In February of 1864, a British speech therapist named James Hunt published a paper in the United States, which he had delivered as a speech before the London Anthropological Society. The speech was a comprehensive, nauseating summary of the “science” that had been mustered in defense of the American institution of chattel slavery.

That “science,” which we now know to be – in the parlance of our times – bullshit, ranged from phrenology to chicanery to fabrication. In one passage, Hunt discusses the culture of enslaved African-American people:

The family relations are weak; the husband or father is little concerned … in short, the great curve of human development, and its backward direction, appear to be sufficiently extended to appreciate the differences characterising the Negro race opposed to our race … in any case, an honorable mediocrity is his inheritance.

Slavery’s enthusiasts glommed onto this research. In an infamous speech, South Carolina Senator James Henry Hammond said:

In all social systems there must be a class to do the menial duties, to perform the drudgery of life.
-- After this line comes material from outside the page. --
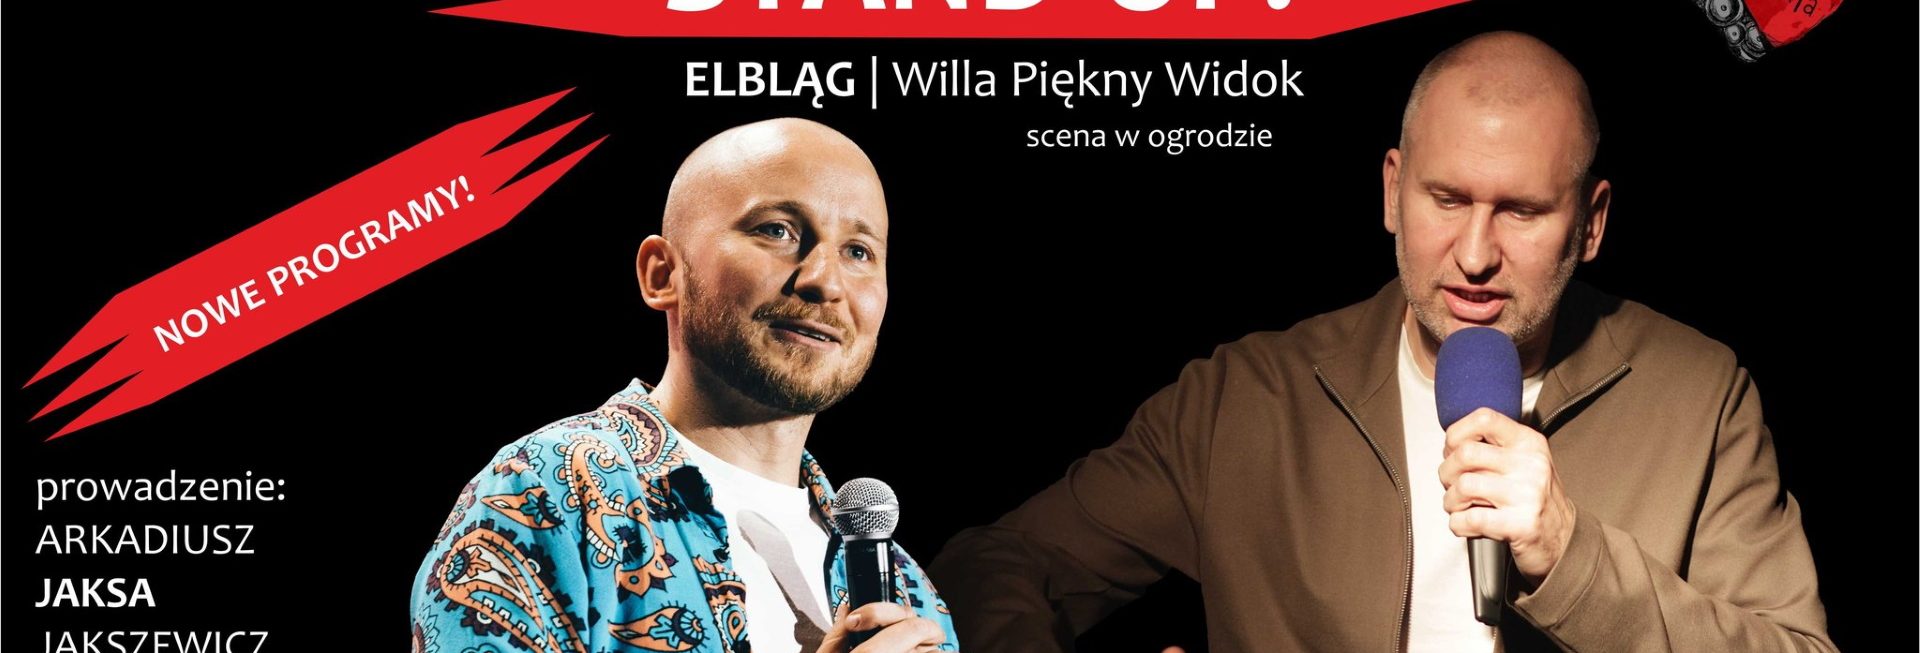 Plakat graficzny zapraszający do Elbląga na Stand-up Wojtek FIEDORCZUK & Damian SKÓRA Elbląg 2022.

That is, a class requiring but a low order of intellect and but little skill … Fortunately for the South, she found a race adapted to that purpose to her hand … We use them for our purpose, and call them slaves.

Despite a century and a half of putative progress, some of these ideas persist, most shockingly among the global commentariat elite. Charles Murray propagates pseudoscience on the differential capabilities of the “races.” Writers like Andrew Sullivan and Steven Pinker echo his work, while mainstream rightwing publications stoke the flames under the guise of asking provocative questions.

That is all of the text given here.